Keine Frage: Jetzt wird im ganzen Land protestiert, aber es ist der mehrschichtige Charakter der Unterdrückung der Kurd*innen, der so viel zusammengebracht hat, dass diese Proteste zum Flächenbrand werden konnten: Ethnische Unterdrückung, geschlechtliche Unterdrückung, religiöse Unterdrückung und nicht zuletzt eine extreme wirtschaftliche Ausbeutung, im Fall Kurdistans oder Belutschistans auch kolonial-wirtschaftliche Ausbeutung: Alle diese Quellen der Wut kamen zusammen, insofern spielt Jînas Herkunft durchaus eine Rolle, um die Ursachen des Aufstands zu verstehen. Die verschiedenen Unterdrückungsmechanismen, die die Person Jîna in sich trug, machten ihren Tod – wie es auf ihrem Grabstein steht – zu einem Symbol. Mehrfachdiskriminierung anzuerkennen, die Intersektion zwischen Geschlecht, Klasse und Nation zu begreifen, ist dabei nicht nur in Bezug auf Iran wichtig.

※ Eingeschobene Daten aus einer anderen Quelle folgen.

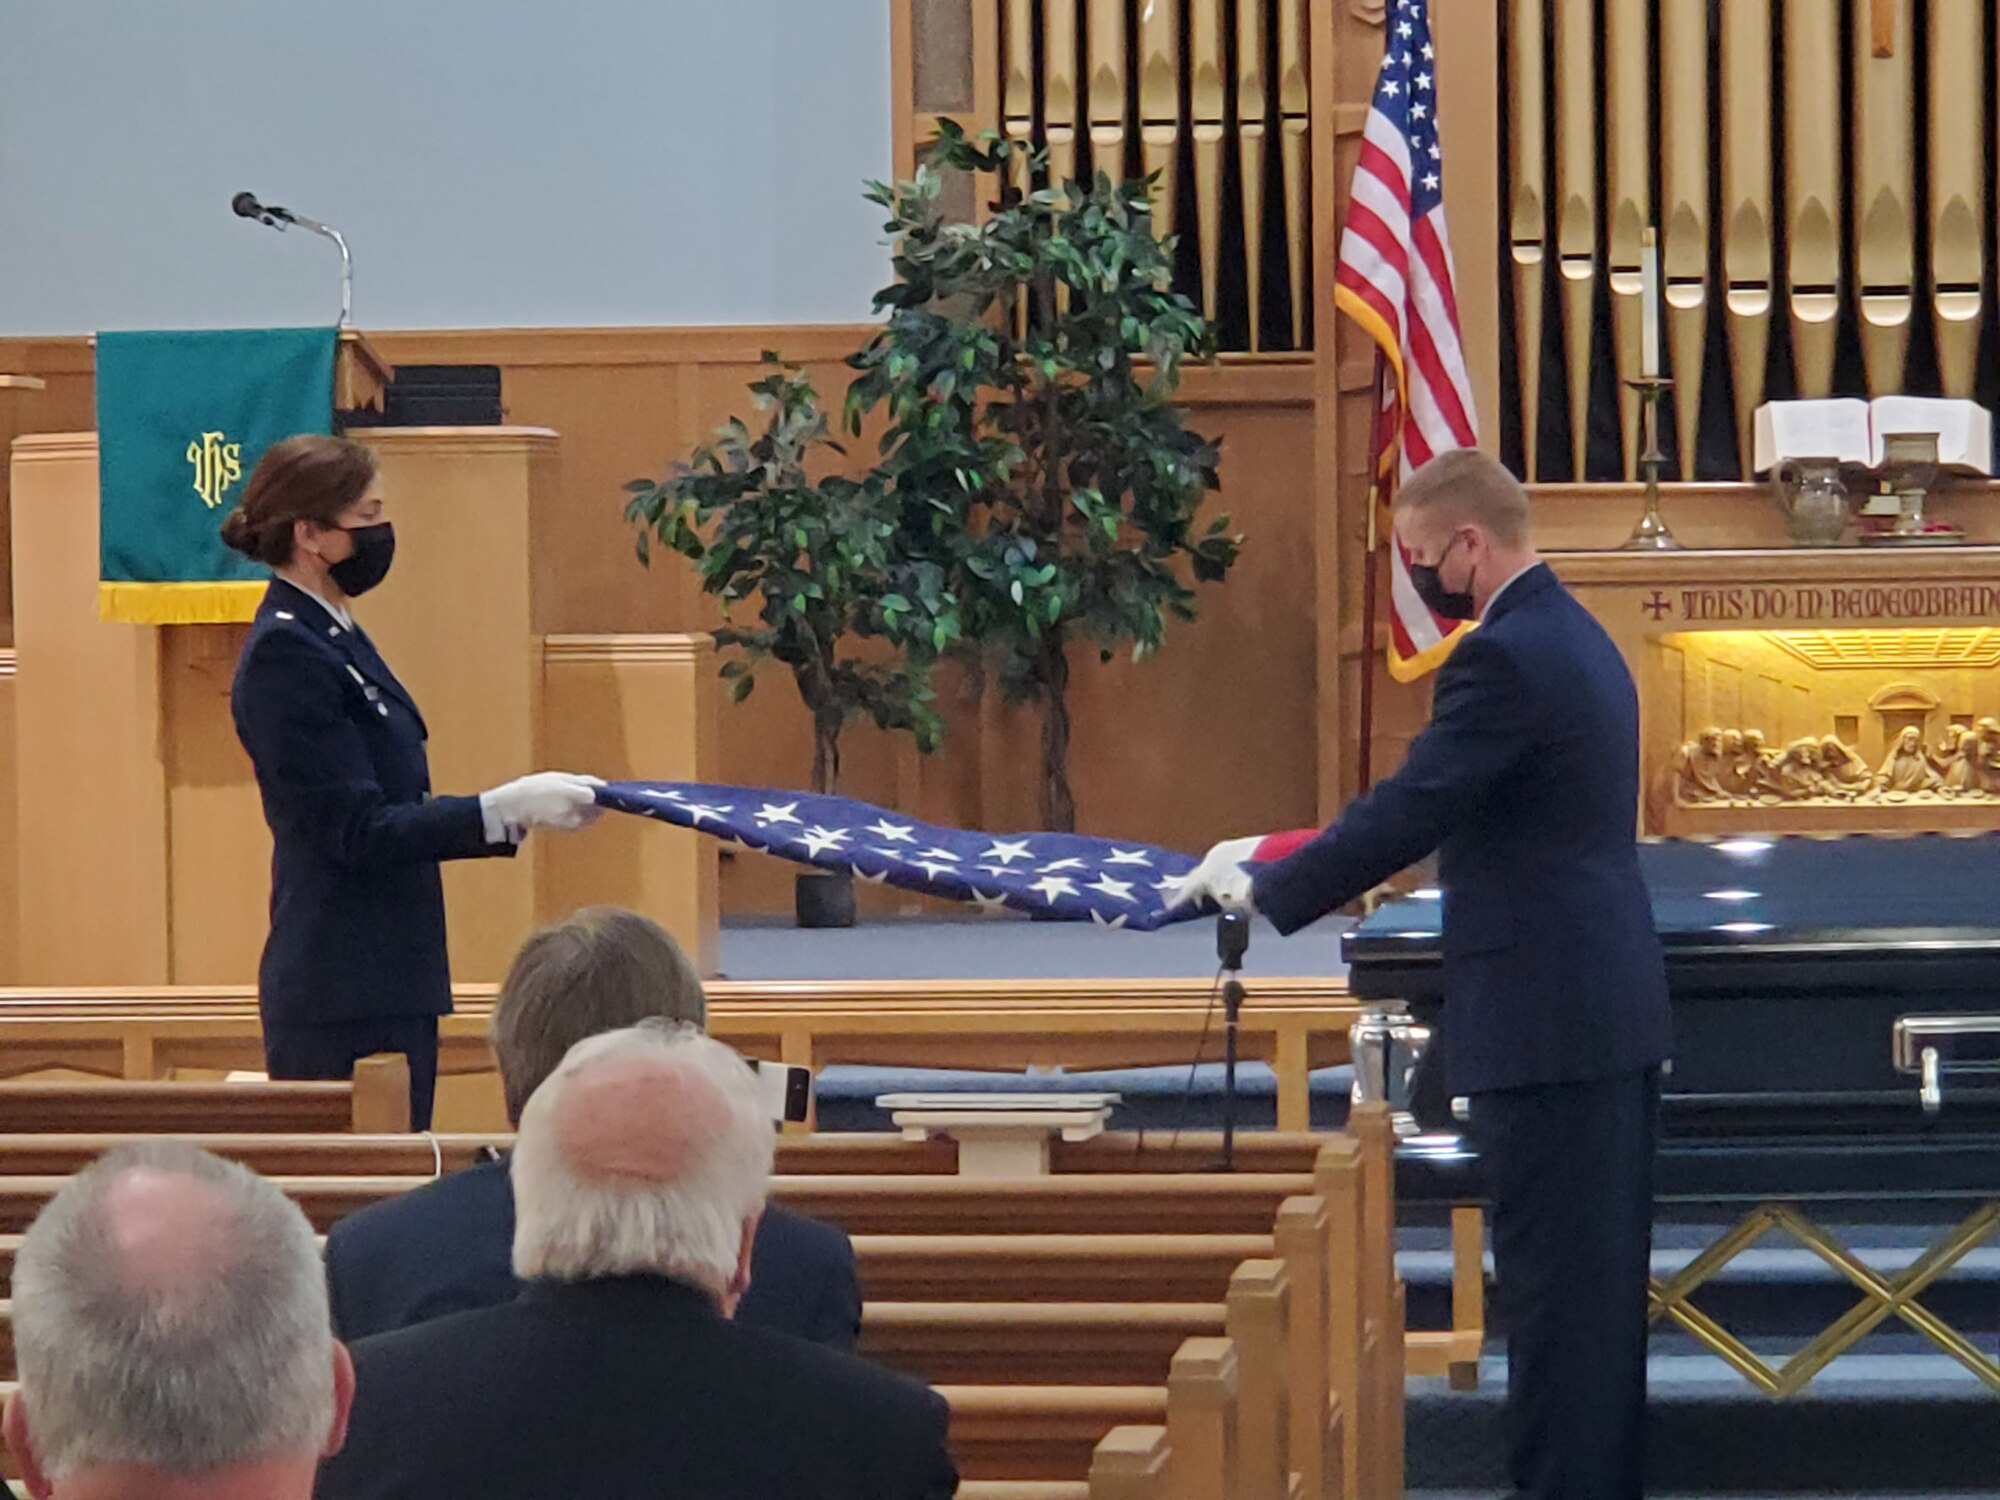 Lt. Col. (retired) Dianne Hickey, former 14th Intelligence Squadron commander, and Maj. Andrew Soine, 14 IS director of operations, fold a flag as part of the military honors conducted during World War II veteran John “Jerry” Johnson’s funeral Oct. 23, 2021. Senior Master Sgt. Jonathon Washington performed Taps during the service. Johnson had served in Guam during World War II with the Army Air Corps in the 20th Air Force 9th Photographic Technical Squadron. His squadron ultimately became the 14 IS.

Die künftigen Protestbewegungen dieser Welt müssen diesem mehrschichtigen Bewusstsein folgen, wenn sie erfolgreich sein wollen. Auch wenn sogar Linke anfangs die Geschehnisse in Rojhelat und Iran ignorieren wollten, weil diese auf vielen Ebenen nicht ihrem kulturalistischen und essenzialistischen Bild entsprachen, demzufolge ein jedes islamisches Land als Teil des globalen Südens als Opfer, aber nie als Täter zu sehen sei, wird gerade Geschichte geschrieben. Sowohl die Konstitution der kurdischen Autonomie in Irak 1991 als auch in Syrien 2012 entstand aus Momenten, in denen sich nach Jahrzehnten der Unterdrückung und der Untergrundorganisierung ein Möglichkeitsfenster öffnete, Menschen dies erkannten und blitzschnell reagierten. Ob dies nun auch im iranisch besetzten Teil Kurdistans gelingen kann, wird sich in den kommenden Tagen und Wochen zeigen. Doch schon jetzt zeigt die zeitweise Vertreibung der Sicherheitskräfte aus Ostkurdistan, aus Belutschistan und Iran der ganzen Welt den brennenden Wunsch danach.
Dastan Jasim
ist Politikwissenschaftlerin und Doctoral Fellow am German Institute for Global and Area Studies. Gerade ist sie in Sulaimaniya in der Kurdistan-Region Irak, wo sie Feldforschung zu ihrem Dissertationsprojekt über die politische Kultur von Kurd*innen durchführt.
Pedram Zarei
ist mehrsprachiger Übersetzter, Journalist und politischer Aktivist aus Rojhelat (Ostkurdistan). Er lebt seit vier Jahren als politischer Geflüchteter in Deutschland. Zu seinen Interessengebieten gehören die kurdische Frage, Kritische Psychologie und Kultursoziologie.[1]